Testing out the Plush interpreter, I found that I could run fib(38) in 9.10 seconds with a release build. That's over 126 million function calls, so about 14 million function calls per second. Just for fun I decided to compare it against Python 3.13.5 (released June 2025) and that ran in 5.70s, meaning Plush was about 60% slower. Ouch. CPython also uses a token-threaded interpreter, so in theory this is not an unfair comparison. This situation could not be allowed to stand, so I decided to look at whether it was possible, with a few simple tweaks, to get to the point where we could outperform CPython on fib.

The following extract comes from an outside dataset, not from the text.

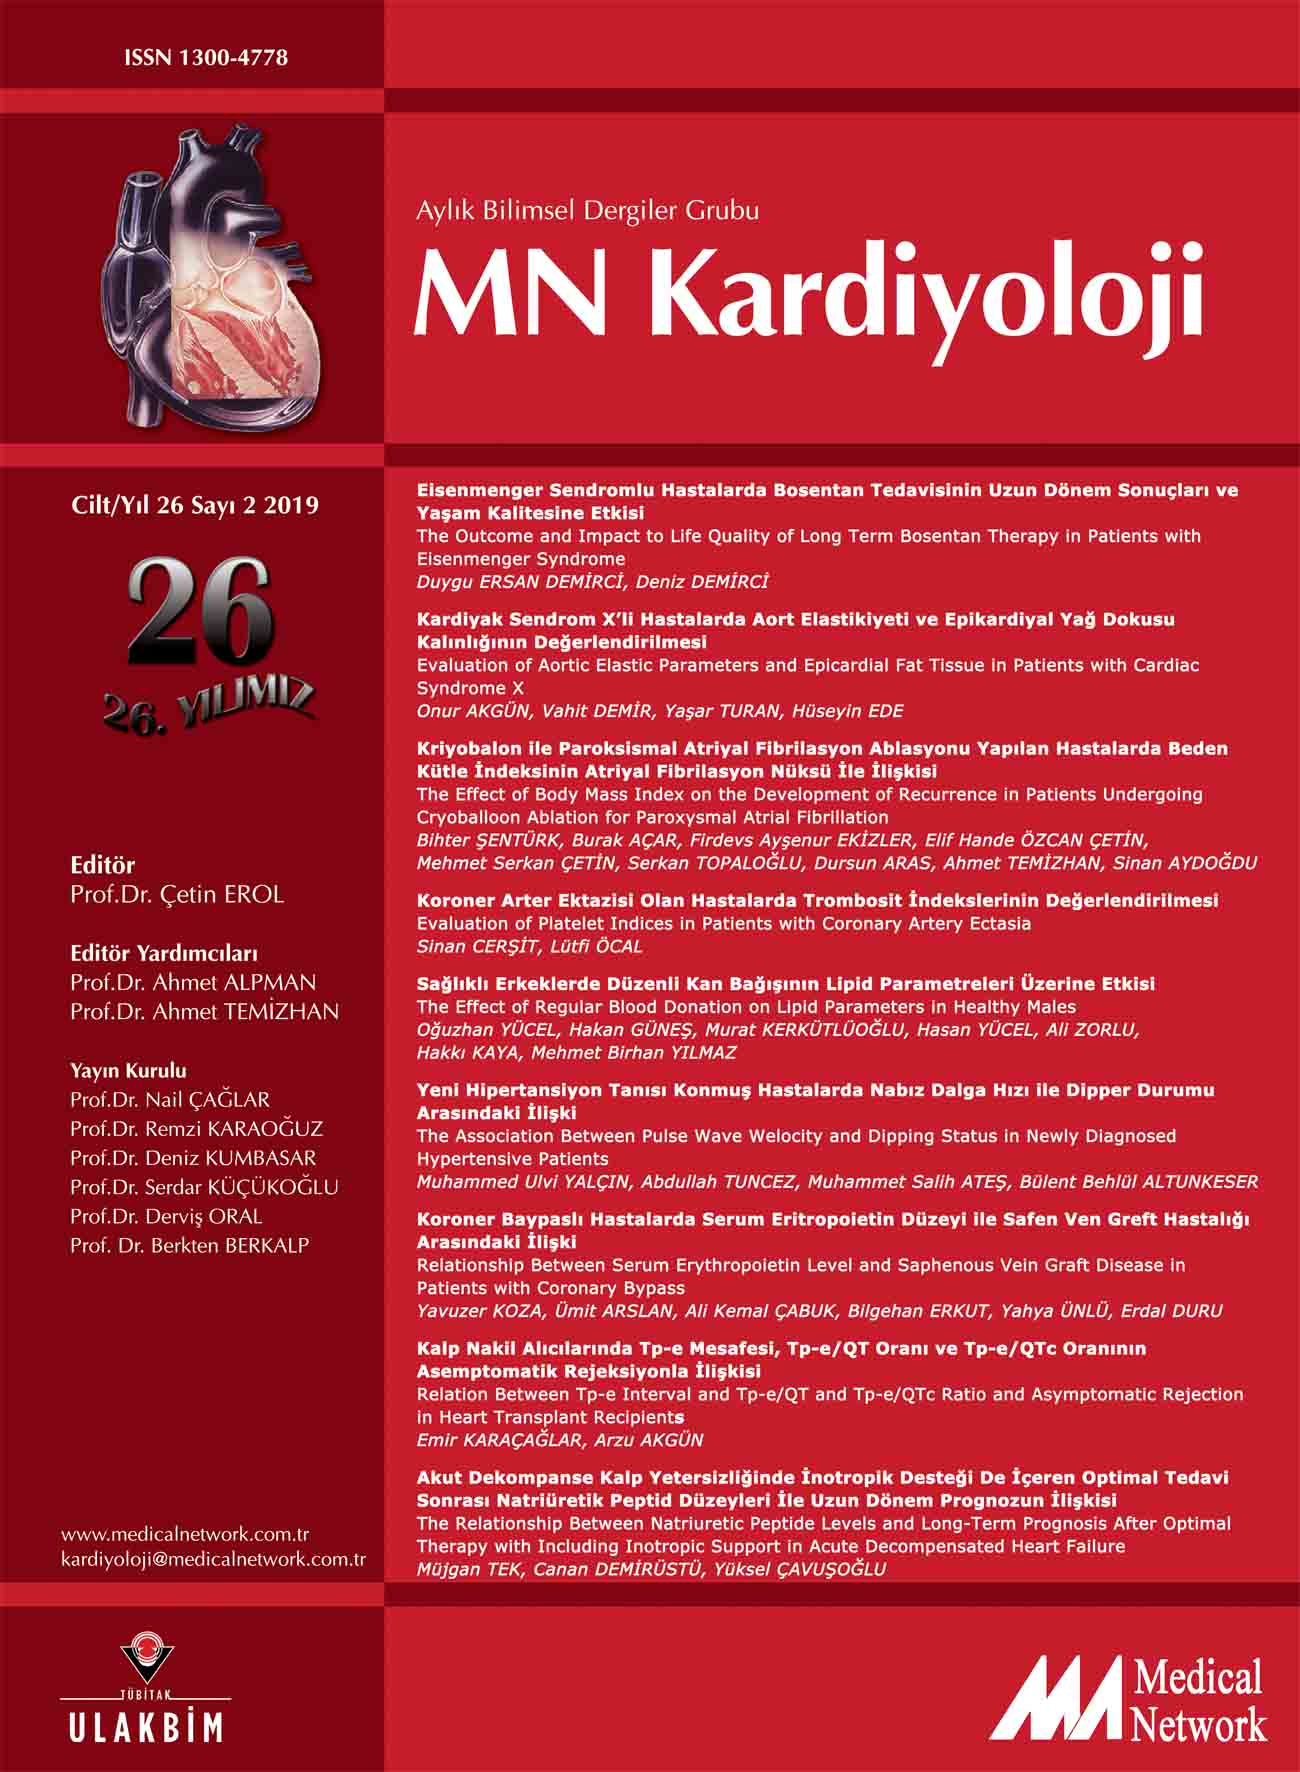 <p>MN Kardiyoloji Cilt: 26 Sayı: 2 2019 MN Cardiology Volume: 26 No: 2 2019</p>
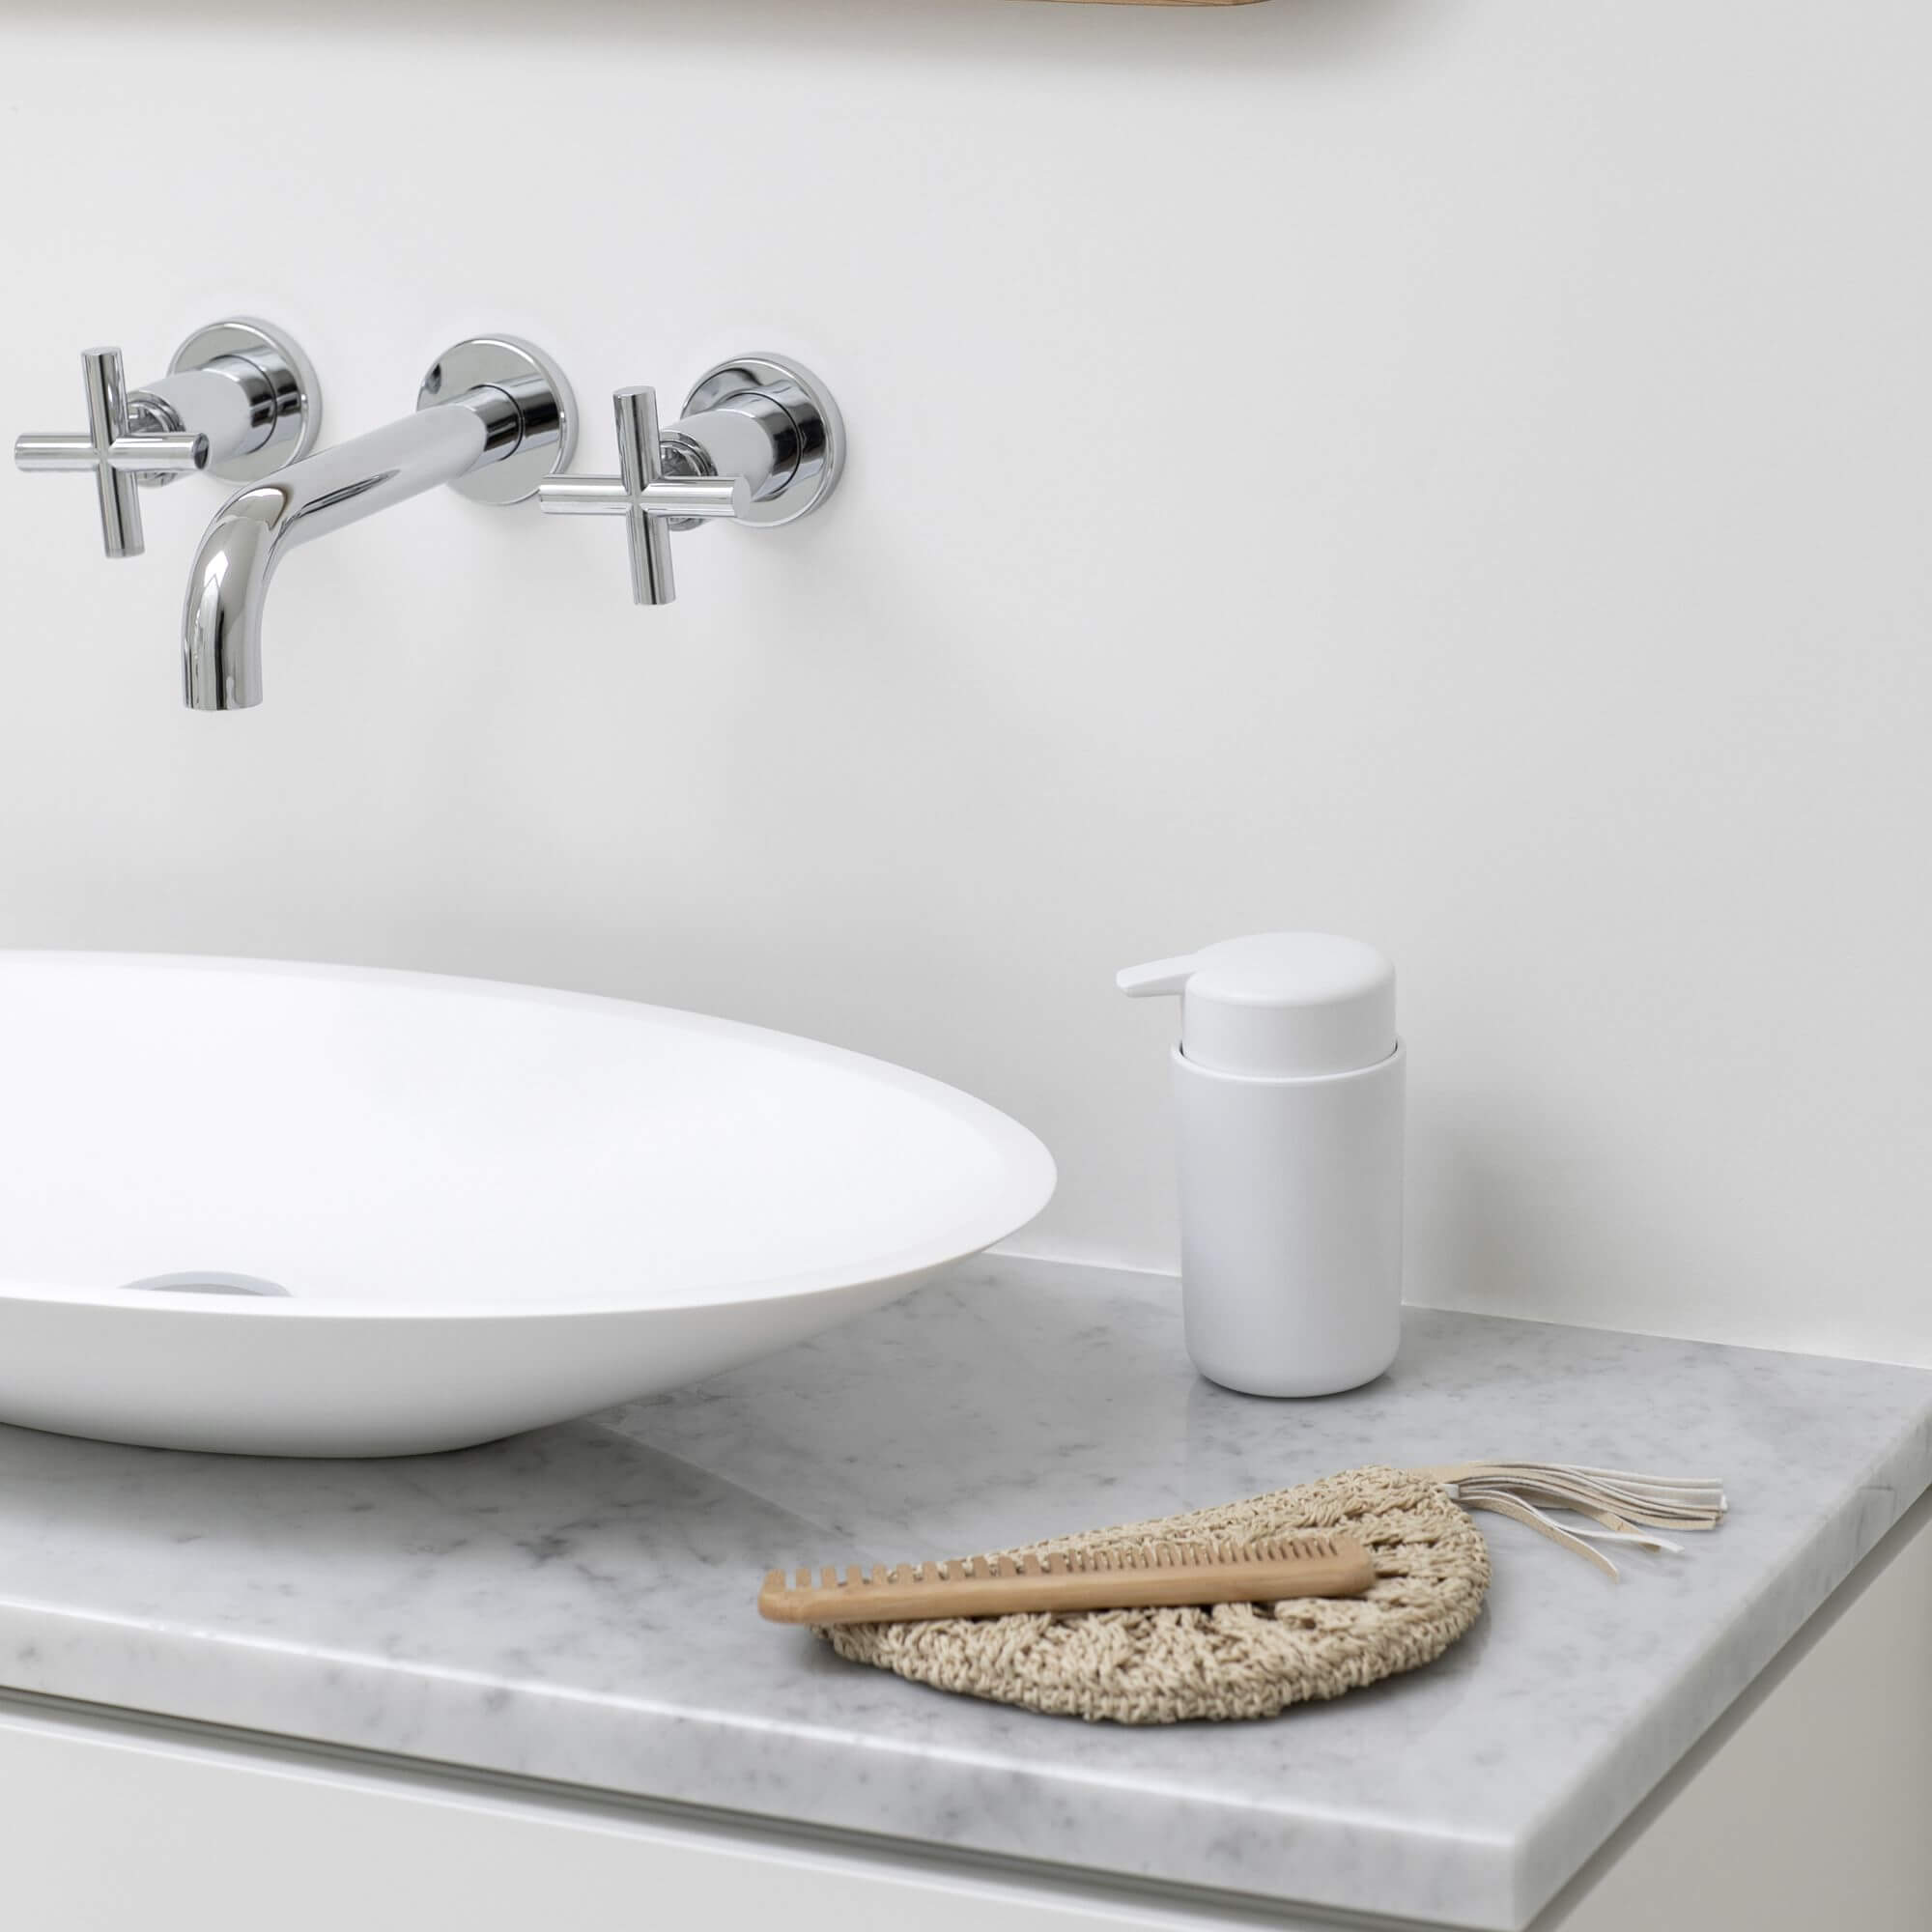 White Brabantia soap dispenser next to a sink on a bathroom vanity

I started by dumping the bytecode instruction sequence for fib, which is 18 instructions long:
# fib
get_arg { idx: 0 }
push { val: Int64(2) }
lt
if_false { target_ofs: 2 }
get_arg { idx: 0 }
ret
get_arg { idx: 0 }
push { val: Int64(1) }
sub
push { val: Fun(FunId(256)) }
call { argc: 1 }
get_arg { idx: 0 }
push { val: Int64(2) }
sub
push { val: Fun(FunId(256)) }
call { argc: 1 }
add
ret
Like CPython, the Plush interpreter is a stack-based bytecode VM. The get_arg instruction pushes the value of a function argument on the stack, push is used to place a constant on the stack, and lt performs a less-than comparison, etc. The first thing that stood out to me is that I am pushing a constant representing a function before calling it with the call instruction. In this case we know the function we're calling, and so it seems like it would be easy to combine the push and the call into some kind of call_direct instruction which embeds the function to call into the bytecode instruction. I made that change, which saves two bytecode instructions, and it got me from 9.10s to 8.44s.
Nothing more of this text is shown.